Несколько еще не поднятых наверх месячных водселей сбились в кучу шумно дышащей плоти, в которой было трудно различить, где кончается одно и начинается другое мясистое тело. То там, то здесь возникали спазматически сокращающиеся руки и ноги, словно пытавшиеся вырваться на свободу из тюрьмы коллективного многоголового организма. Жирные маленькие головки водселей были неотличимы друг от друга, они торчали из массы тел, словно щупальца морского полипа, и их подслеповатые глазки глупо моргали от яркого света. Трудно было поверить, что, если выпустить на волю этих водселей, у них найдутся силы и желание бежать.

Под ногами у месячных водселей толстая колючая соломенная подстилка блестела от темных жидких экскрементов, свидетельствующих о том, что процесс откорма завершился. Их обширный кишечник был полностью очищен от всего, что могло причинить малейший вред людскому пищеварению: чужеродные микробы были изгнаны, все до одного, и заменены отборными человеческими бактериями. Водсели цеплялись друг за друга, словно это могло их спасти. Сегодня в стойле оставалось четыре особи: еще вчера их было пять, а позавчера – шесть.

На другой стороне чисто выметенного прохода водсели, находившиеся на ранних стадиях откорма, апатично сидели на корточках, каждый на своей собственной соломенной подстилке. Разделив свободную площадь пола в соответствии с какой-то только им доступной инстинктивной арифметикой, они держались особняком друг от друга, хотя разделяло их при этом зачастую не более нескольких сантиметров. Они бросали злобные взгляды на Иссерли и Амлиса, некоторые при этом осторожно жевали новую, незнакомую пищу, другие скребли пальцами поредевшие и клочковатые волосы, третьи сидели, прикрыв сжатыми кулаками свои изувеченные гениталии.

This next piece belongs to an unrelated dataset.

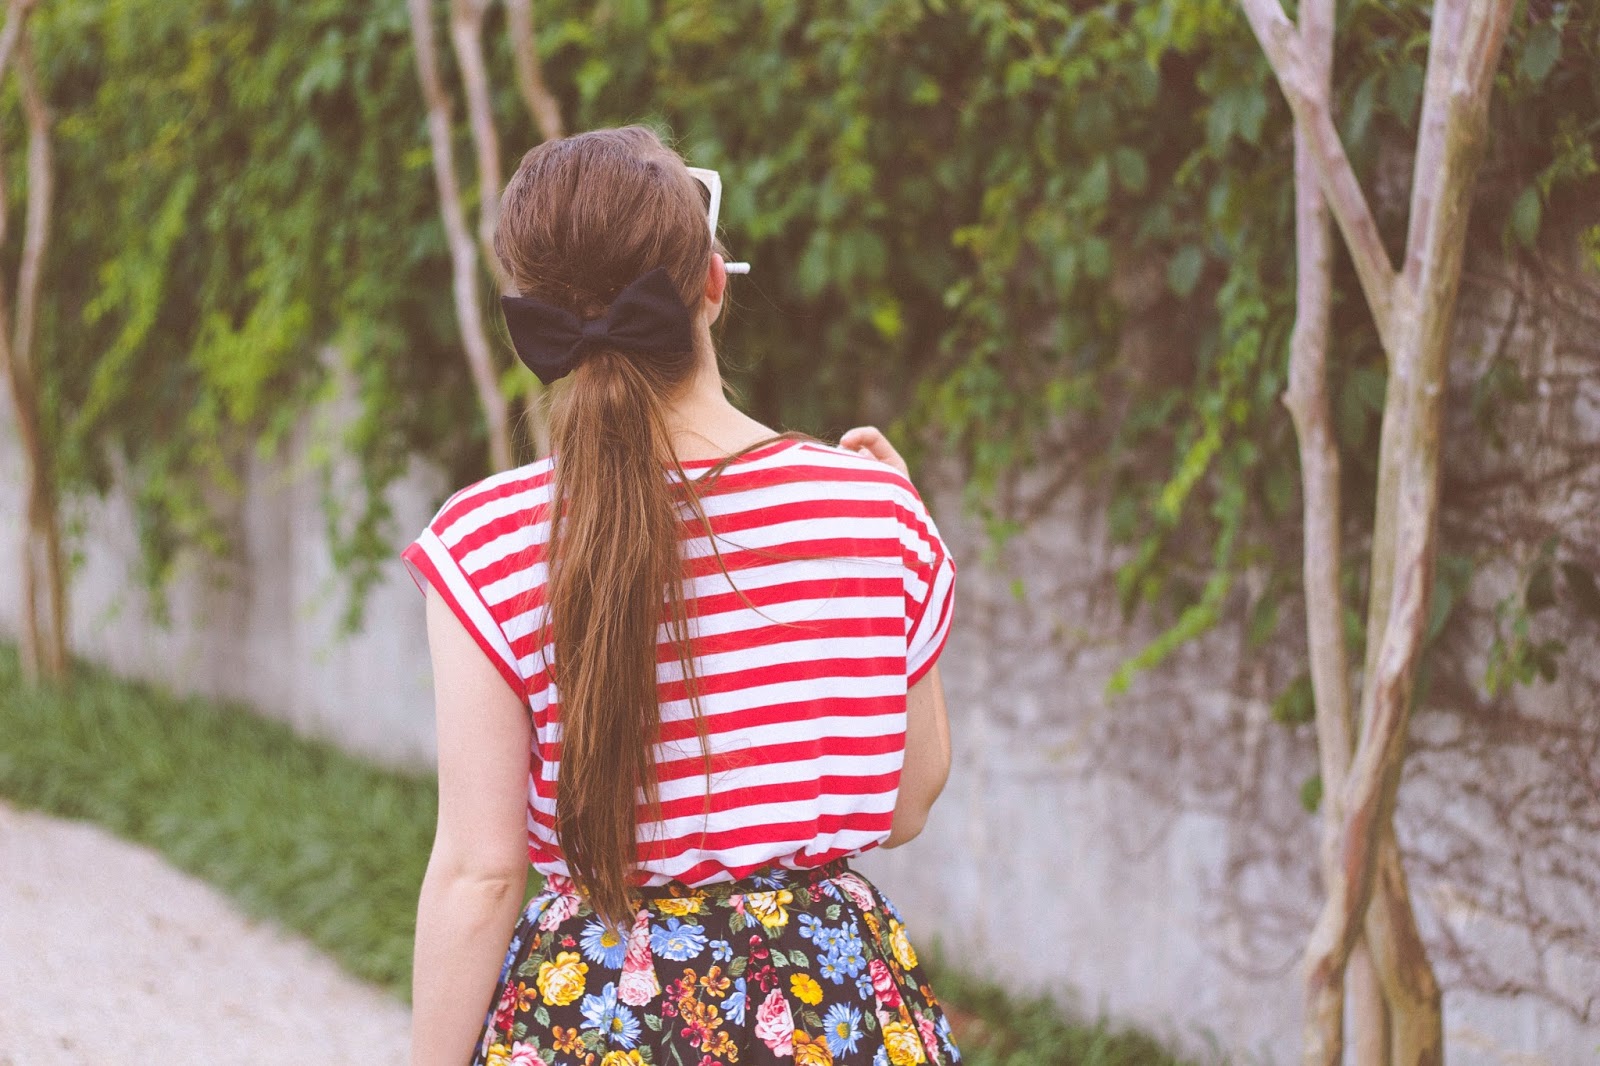 Mixing prints outfit, striped t shirt, floral mini skirt, forever 21, asos, retro style, 60's style, style, fashion, girly, french, lana del rey style, taylor swift style, personal style blogger, film blogger, movie blogger. cinema, vintage

Несмотря на то, что они еще слегка отличались друг от друга внешним видом и окрасом, их будущее постоянно находилось у них перед глазами в пеналах на другой стороне прохода. Они медленно шли навстречу своей участи, навстречу своему естественному предназначению.

В конце прохода три поступивших самыми последними водселя стояли, навалившись на проволочную сетку, и отчаянно жестикулировали.

– Нг! Нг! Нг! – кричали они.

Амлис Весс помчался на эти звуки, размахивая великолепным хвостом, торчавшим между двух тугих, покрытых шелковистым мехом ягодиц. Иссерли медленно и осторожно последовала за ним. Она надеялась, что операция по удалению языка у этих водселей была выполнена со всей тщательностью. То, чего Амлис не знал, не могло ему повредить.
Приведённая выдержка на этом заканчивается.